Hydroxylapatite-zirconia composites: Thermal stability of phases and sinterability as related to the CaO-ZrO(2)phase diagram

Evis Z., Ergun C., Doremus R.

JOURNAL OF MATERIALS SCIENCE, vol.40, no.5, pp.1127-1134, 2005 (SCI-Expanded) identifier

  • Publication Type: Article / Article
  • Volume: 40 Issue: 5
  • Publication Date: 2005
  • Doi Number: 10.1007/s10853-005-6928-y
  • Journal Indexes: Science Citation Index Expanded (SCI-EXPANDED), Scopus
  • Page Numbers: pp.1127-1134
  • Middle East Technical University Affiliated: Yes


Composites of hydroxylapatite ( HA) with pure zirconia, and 3 and 8% Y2O3 in zirconia, were pressure-less sintered at temperatures from 900 to 1300 degrees C, and hot-pressed at 1200 degrees C in argon gas atmosphere for 1 h. The reactions and transformations of phases were monitored with X-ray diffraction and thermal analysis.

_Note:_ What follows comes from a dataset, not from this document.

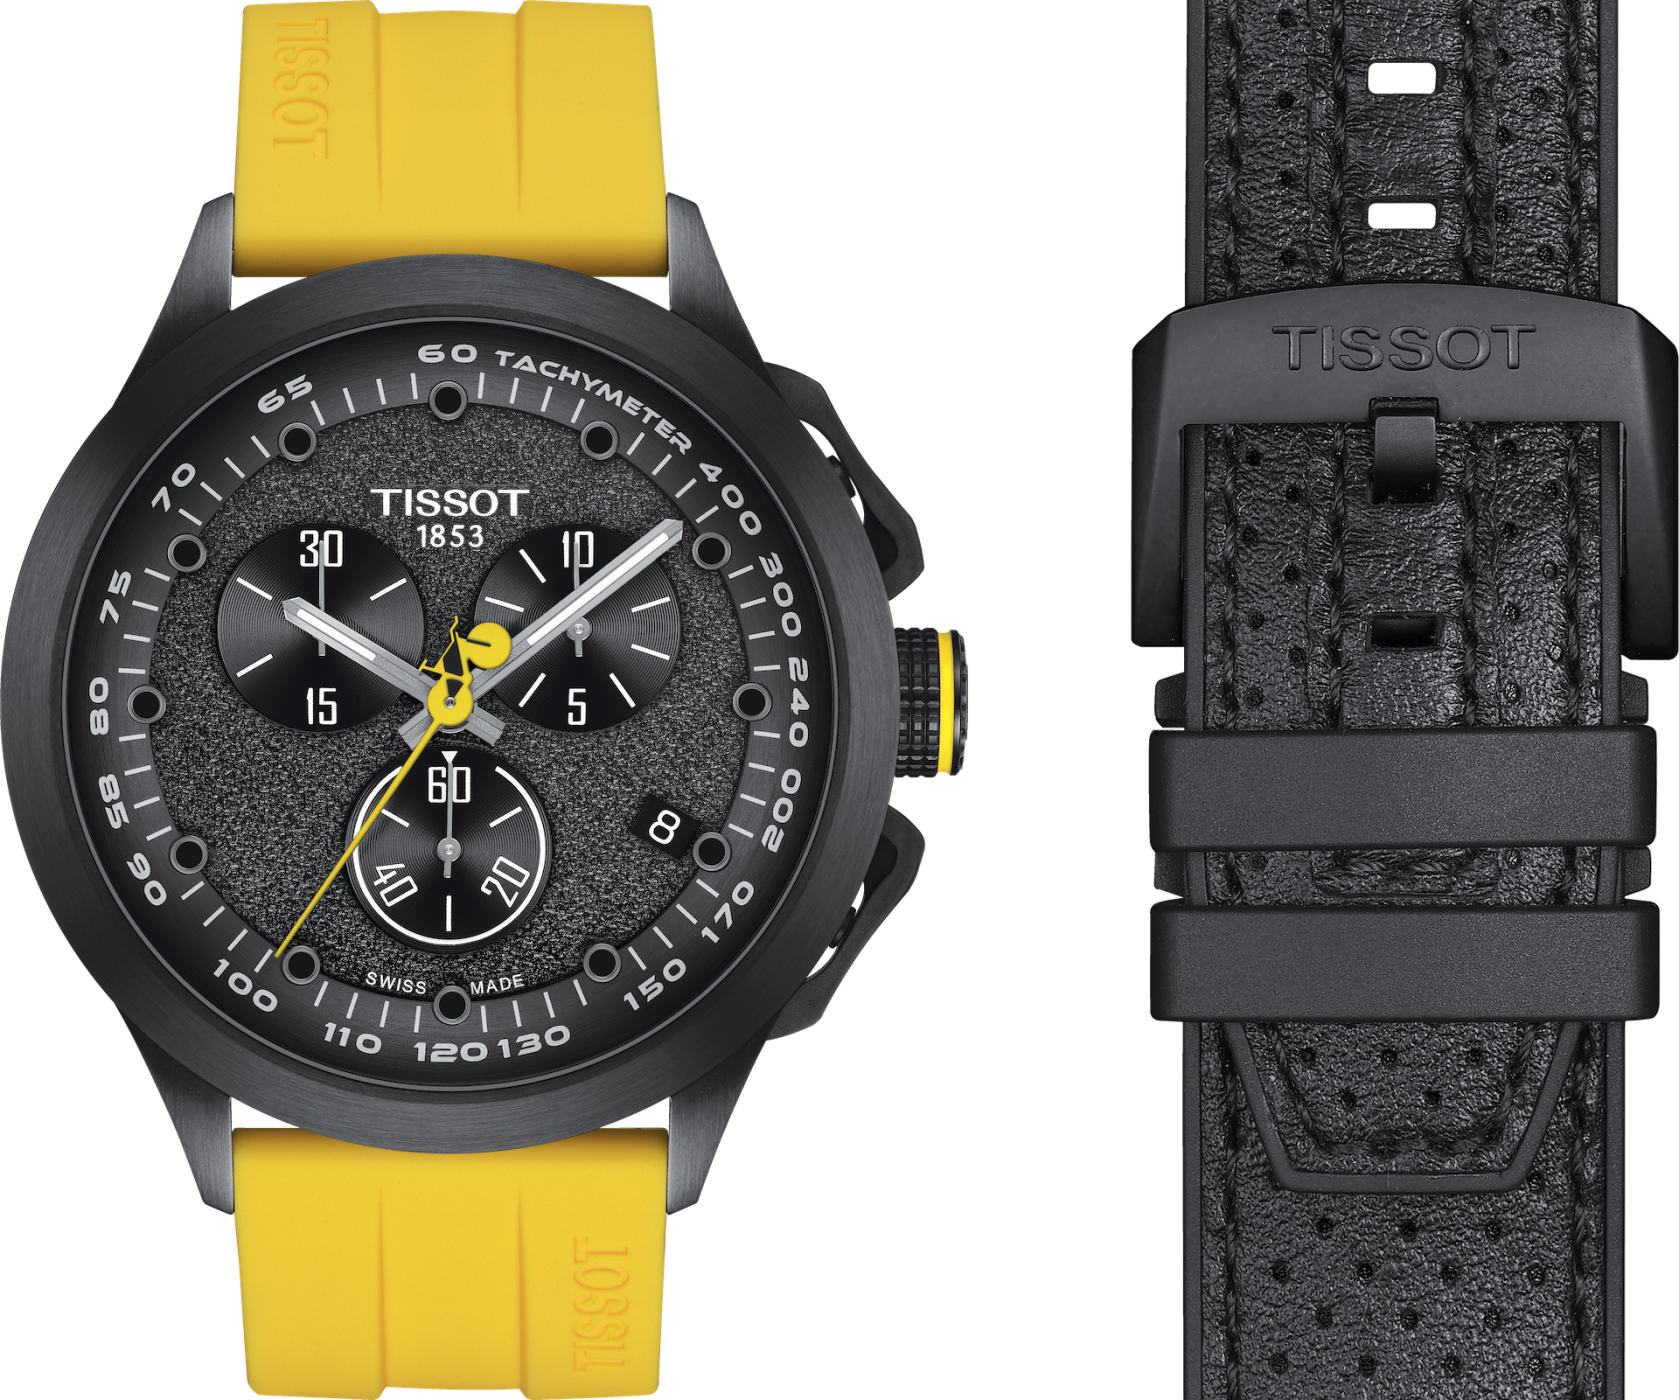 Die neue Tissot-Uhr im Tour de France Design

At sintering temperatures higher than 1000 degrees C, calcium from HA diffused into the zirconia phase, and the HA phase decomposed to tri-calcium phosphate (TCP). Above about 1200 degrees C, CaZrO3 was formed. These reactions and transformations were interpreted in terms of the ZrO2-CaO phase diagram. On the other hand, zirconia and hydroxylapatite phases in hot pressed composite remained mainly stable suggesting that air in the sintering environment increased the reactivity between the phases. The highest densification was found in a composite initially containing 10% monoclinic ZrO2 sintered at 1300 degrees C. The densification of the composites decreased at lower sintering temperatures and higher zirconia contents upon air-sintering. (C) 2005 Springer Science + Business Media, Inc.